Compare to design-based mean estimate:

## estimated_mean 
##           0.22

## p.025 p.975 
## 0.105 0.335

CI’s reflect averaging over the conditional random fields \(Z(s)|z(s_i),i=1.,,,.n\) that:

have mean \(m\) and covariance \(C(h)\)
are conditioned to (“obey the”) sample data, i.e. \(Z(s_i)=z(s_i)\) for all observations \(i\), but are otherwise independent

Model accuracy: 0.94 (Really?)

How was the model validated?
Area average of \(\hat{p}_F\): 0.231; fraction of pixels with \(\hat{p}_F > .5\): 0.244
No sensible standard errors for area average estimates

Design-based methods do not need a model, and are more robust: model-based approaches lean on an assumed model.
Design-based models are robust only if random sampling was used, and inclusion probabilities (sample weights) are known
Model-based approaches make no assumption about sampling, but also have no guard against biased sampling
Model-based approaches can make predictions for any location, and predict means over regions of any shape; design-based only estimate averages over the sampled region(s).
The probability statements differ: design-based CI’s refer to repeating the sampling procedure, model-based CI’s refer to (conditional) super-populations under a fixed sample.
The real fun starts when a design-based strategy is taken using a model-based predicted layer for stratification, and prediction errors are ignored.

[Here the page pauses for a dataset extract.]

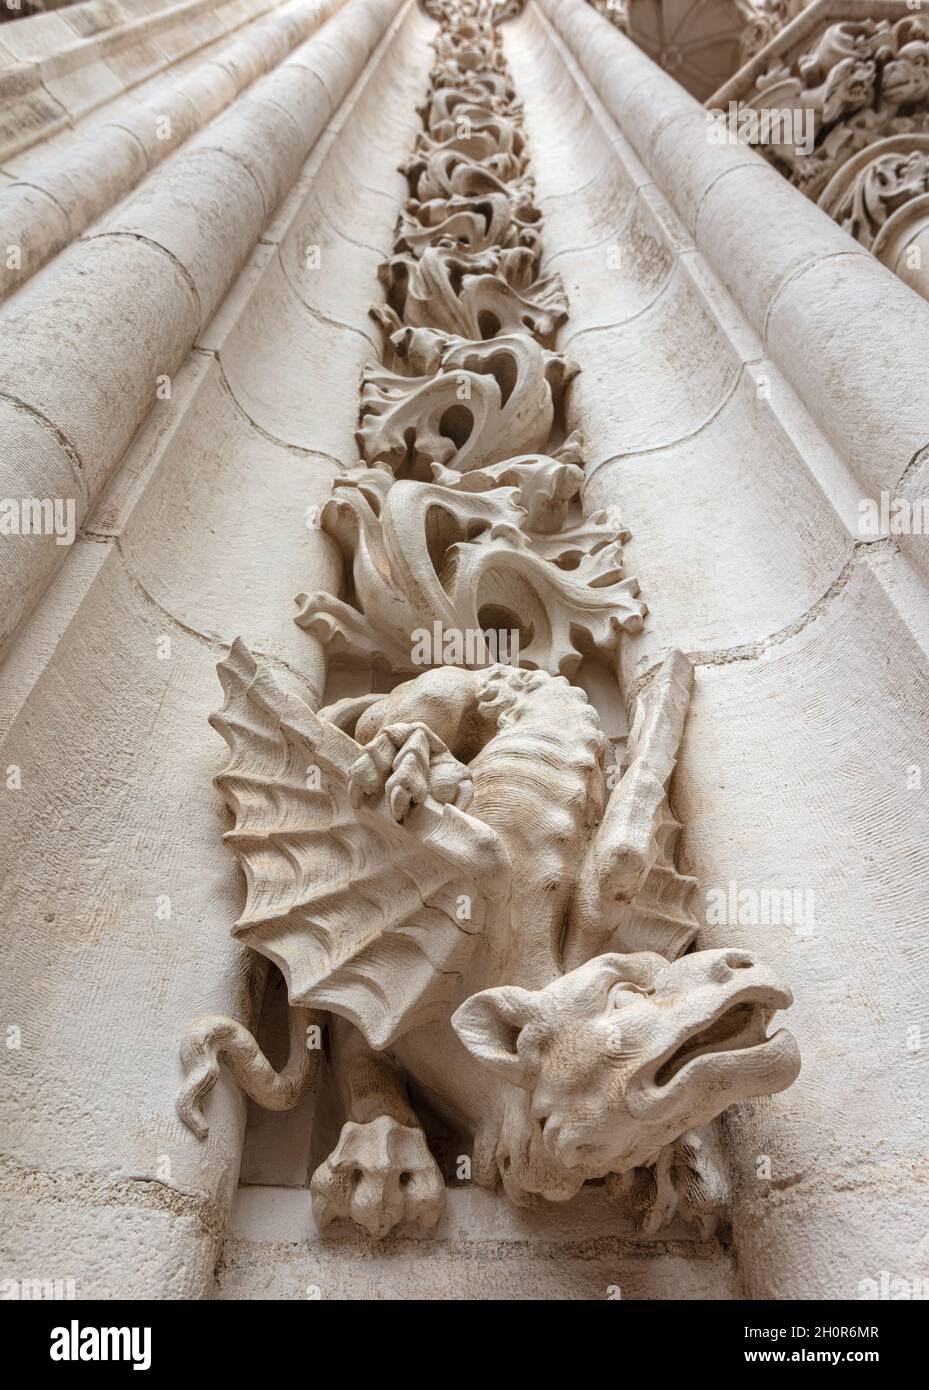 Seville Cathedral. Catedral de Sevilla Stock Photo

R is a language that was developed for data analysis
All numbers and figures in these slides were generated by R (where the commands were mostly suppressed, to avoid clutter):
- this makes them 100% reproducible, and
- a source for further experimentation
- literate programming helps explaining code, computation, and intention
- source of slides is found here
- copy-and-paste errors are ruled out
R has a number (> 16K) of extension packages, many of them for spatial statistics, well maintained, well tested; best seen as an ecosystem.
Installation of extension packages on a variety of hardware (Mac OSX, Windows, or Linux) is relatively painless.